The C substrate is in tree at Phase 0. The libcapos/ crate compiles to libcapos.a, a thin Rust staticlib that exposes the capos-rt syscall, ring CALL, CapSet lookup, and global allocator under an extern "C" ABI. C binaries link statically against the archive, share the userspace ELF layout used by Rust demos, and run inside the existing capos-rt _start chain. make run-c-hello boots a C main() that calls Console.writeLine, Timer.now, EntropySource.fill, and VirtualMemory wrappers through libcapos and exits cleanly. make run-c-pipe boots a second native C smoke that creates a kernel pipe through the typed ProcessSpawner.createPipe wrapper, writes and reads a marker through typed Pipe wrappers, closes the writer, observes EOF, and exits cleanly.

The current substrate is intentionally narrow: capability primitives, hand-written typed wrappers (capos_console_write_line, capos_timer_now, capos_entropy_fill, the capos_virtual_memory_{map,unmap,protect} trio, capos_process_spawner_create_pipe, and capos_pipe_{read,write,close}), raw syscalls, and the heap shim. The Pipe wrapper is a typed bridge over the existing transferred-result-cap path; it does not make capos_cap_call() a general transfer ABI, which still refuses transfer-bearing completions with CAPOS_E_TRANSFER_NOT_SUPPORTED. Anything POSIX-shaped (errno, fd table, open/read/write, signals, fork/exec, sockets) belongs in the separate libcapos-posix layer above libcapos. Generated typed wrappers for the remaining capabilities (NetworkManager, Endpoint, etc.), a stable C ABI for cap-transfer (today the v0 surface refuses transfer-bearing completions with CAPOS_E_TRANSFER_NOT_SUPPORTED), and per-thread runtime routing are also future work. Until that routing or a POSIX pthread layer lands, libcapos v0 is fail-closed for C-created capOS threads: capos_cap_call rejects bootstrap ThreadSpawner capabilities with CAPOS_E_THREADING_UNSUPPORTED, and concurrent or re-entrant runtime borrows return CAPOS_E_RUNTIME_BUSY.
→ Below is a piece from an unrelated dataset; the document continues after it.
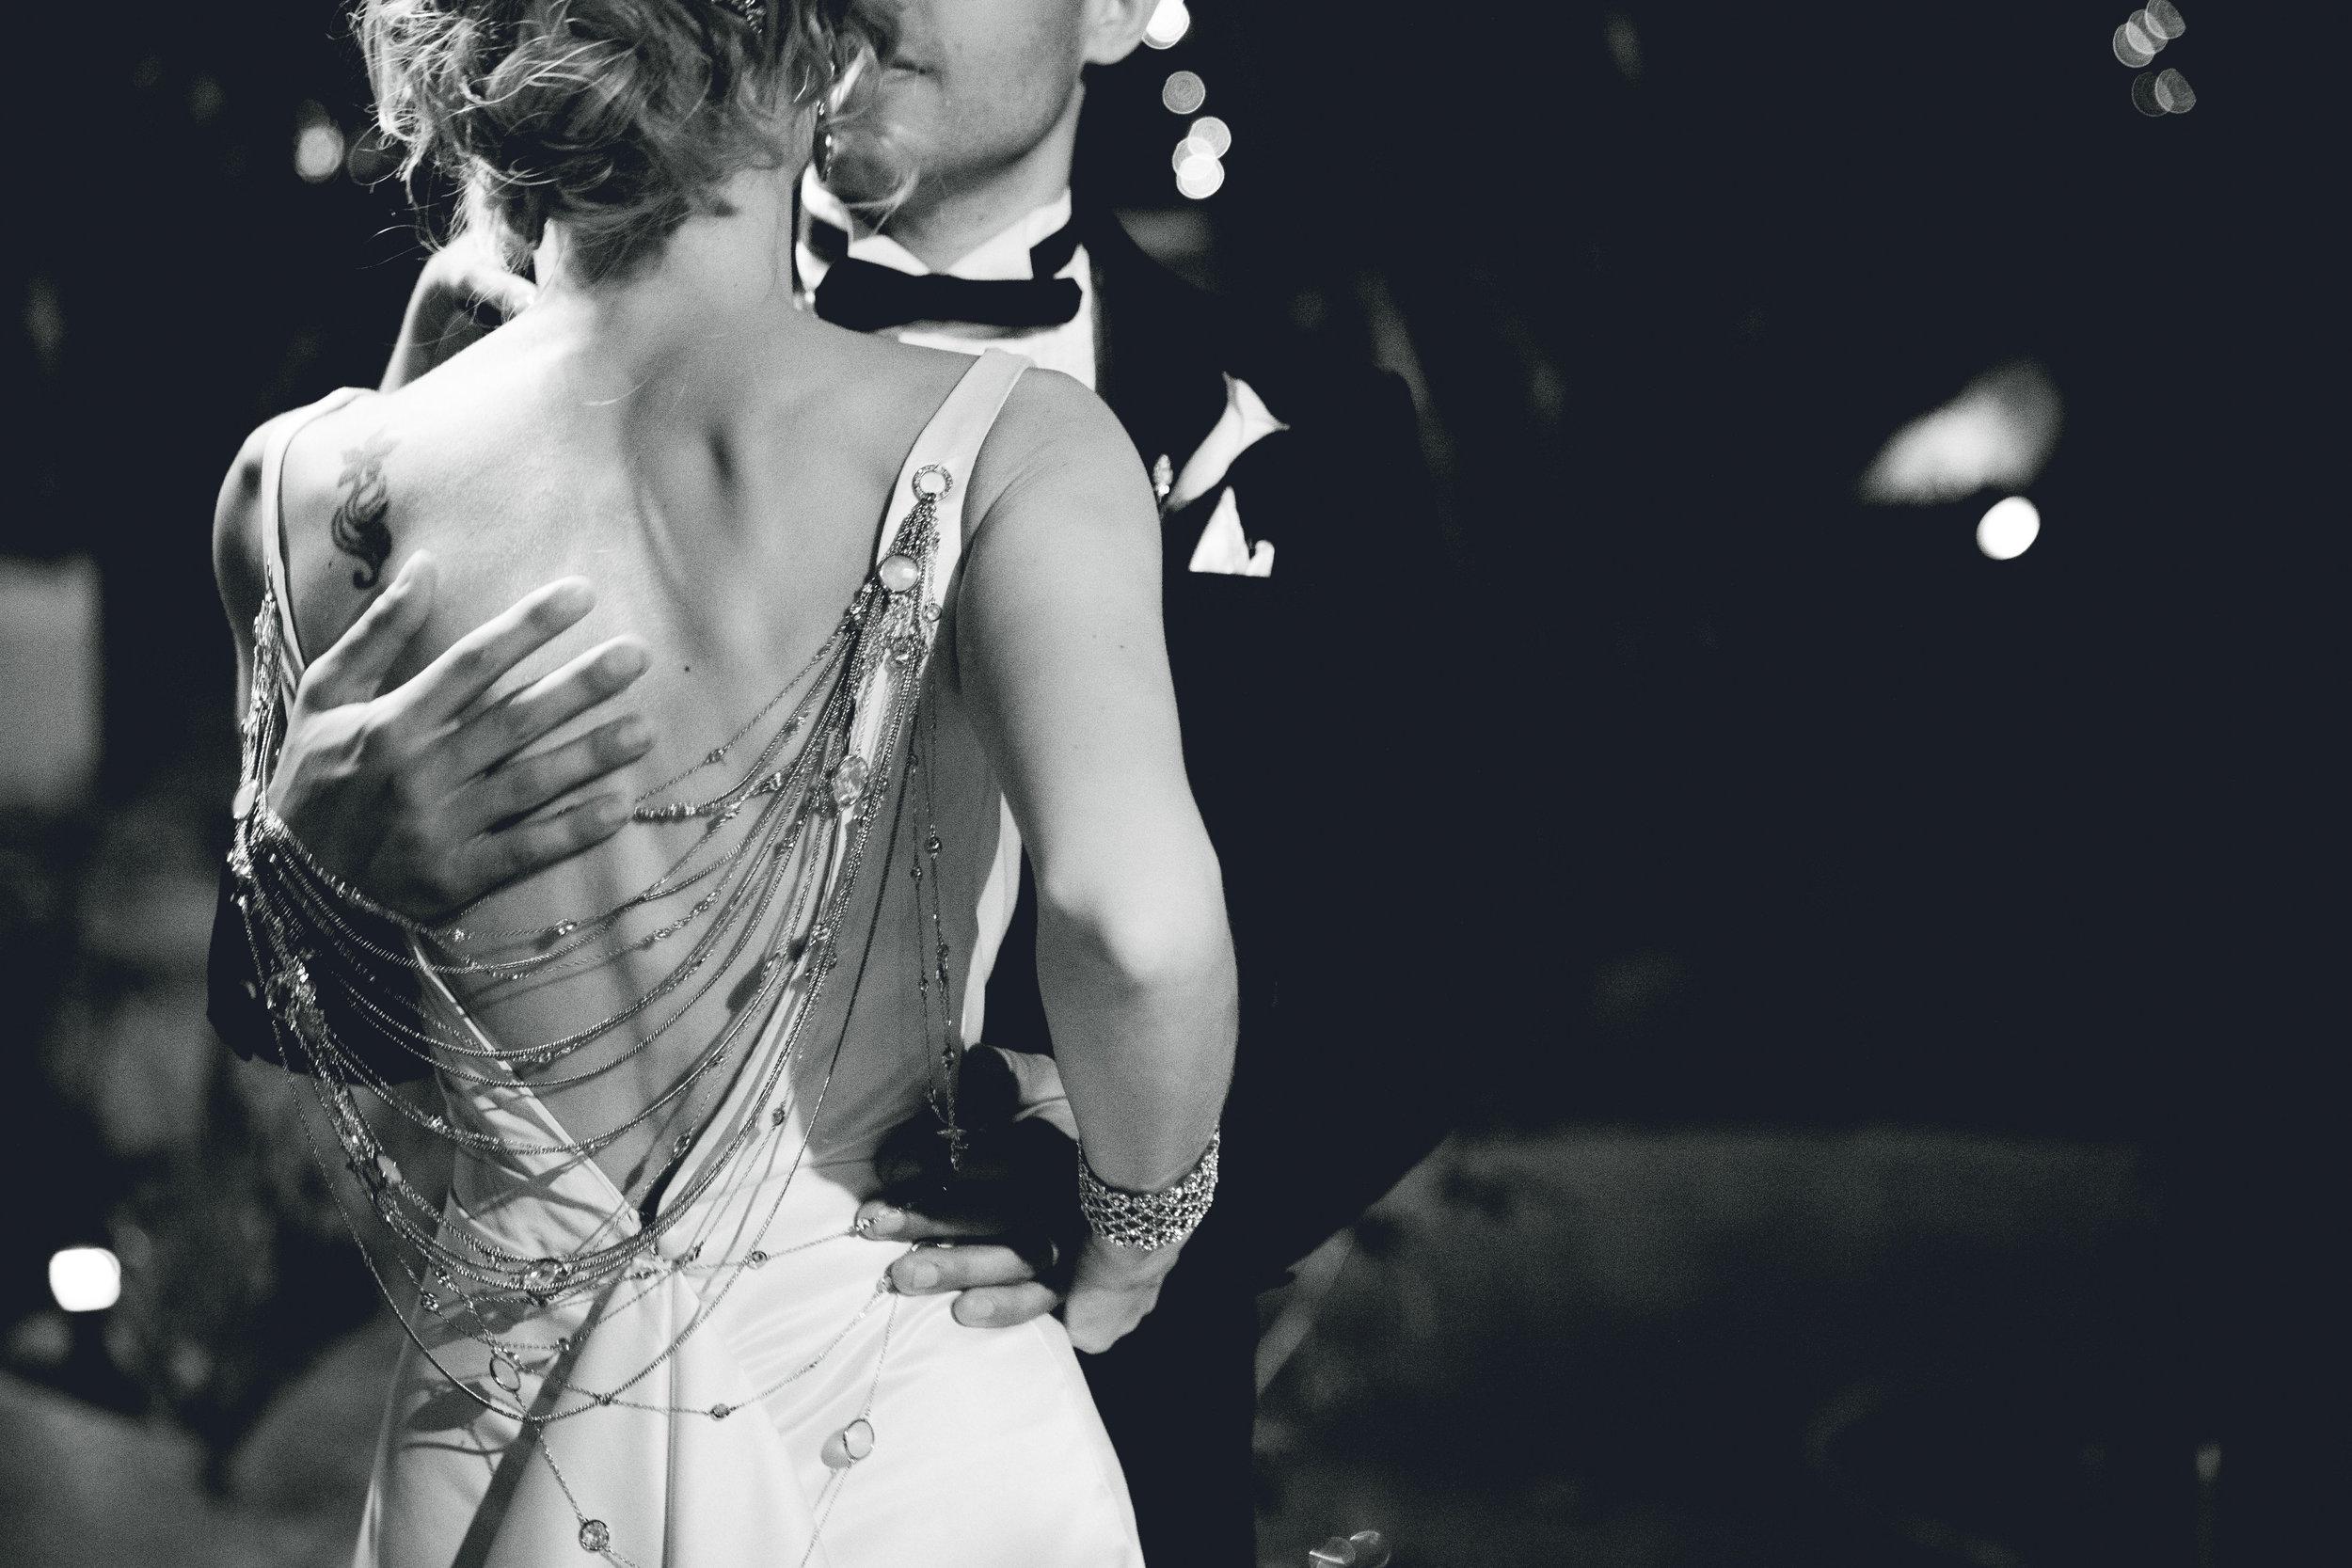 Chris Kristen October 2015 Wedding-Chris Kristen October 2015-0090.jpg

The target libcapos shape is a static library providing:

#include <capos.h>

// Ring-based capability invocation (synchronous wrapper around SQ/CQ ring)
int cap_call(cap_ring_t *ring, uint32_t cap_id, uint16_t method_id,
             const void *params, size_t params_len,
             void *result, size_t result_len);

// Typed wrappers (generated from .capnp schema)
int console_write(cap_t console, const void *data, size_t len);
int console_write_line(cap_t console, const char *text);

// CapSet access
cap_t capset_get(const char *name);
uint64_t capset_interface_id(const char *name);

// Syscalls (the entire syscall surface -- 2 calls total)
_Noreturn void sys_exit(int code);                   // terminate current thread
uint32_t sys_cap_enter(uint32_t min_complete,        // flush SQEs + wait
                       uint64_t timeout_ns);

Implementation: libcapos is Rust compiled to a static .a with a C ABI (#[no_mangle] extern "C"). The capnp message construction happens in Rust behind the C API. This avoids requiring a C capnp implementation.
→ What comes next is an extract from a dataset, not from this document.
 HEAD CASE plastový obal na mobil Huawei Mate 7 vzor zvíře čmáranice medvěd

C binaries would link against libcapos.a and use the same static userspace ELF model as Rust binaries. Startup, allocator setup, CapSet access, and ring submission should be owned by libcapos, not repeated in every C program.

Future: C++

C++ support waits on the C substrate and explicit ABI decisions: exceptions, RTTI, TLS, allocator behavior, unwind policy, static initialization, and the scope of any standard-library subset. A freestanding arena/container subset is plausible earlier than hosted C++.
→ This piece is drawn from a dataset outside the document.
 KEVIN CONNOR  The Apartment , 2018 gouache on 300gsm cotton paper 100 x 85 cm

The previously inspected pg83/std library remains a later experiment, not a shortcut to full C++ support. Its low-level arena/container pieces are relevant; its hosted/POSIX assumptions still require the same capOS adapter work as other C++ libraries.

Future: Go (GOOS=capos)

Go is the next high-priority runtime after regular Rust. It needs in-process threading, futex-like wait/wake, TLS/runtime metadata support, GC integration, and a network poller mapped to capOS capabilities. See Go Runtime for the dedicated plan.

Go has higher priority than C++ because it unlocks CUE and a large practical tooling/runtime ecosystem. Go via WASI may be useful for CPU-bound CUE evaluation before native Go exists, but it is not a substitute for native Go network services or full runtime behavior.

Future: Python

Python is not implemented on booted capOS. It has three plausible paths:

  1. Native CPython through a POSIX compatibility adapter. This depends on the C/libc substrate plus file, stdio, timer, networking, and process adapters. It is the likely path for trusted system scripts and Python tools that need capOS storage or networking.
  2. MicroPython through the native C substrate. This is a smaller early scripting option with less runtime surface than CPython.
  3. WASI or Emscripten-hosted Python. This is useful for sandboxed or compute-oriented Python. It still runs a Python interpreter; WebAssembly is the sandbox and host ABI, not a way to avoid Python runtime work.

As of this review, upstream CPython support helps only the WebAssembly path: PEP 11 lists wasm32-unknown-wasip1 as Tier 2 and wasm32-unknown-emscripten as Tier 3, and PEP 776 records Emscripten support for Python 3.14. Those facts do not provide native capOS bindings for files, sockets, threads, process launch, or capabilities.

Future: Lua

Lua is a future capability-scoped scripting runner. The dedicated Lua Scripting proposal defines capos-lua as an ordinary userspace process with exact grants, curated standard libraries, unforgeable capability userdata, and no raw CapIds exposed to scripts. Upstream PUC Lua is a C implementation, so the native path waits on the C/libcapos substrate unless the project uses a pure-Rust Lua-like VM as a bootstrap proof.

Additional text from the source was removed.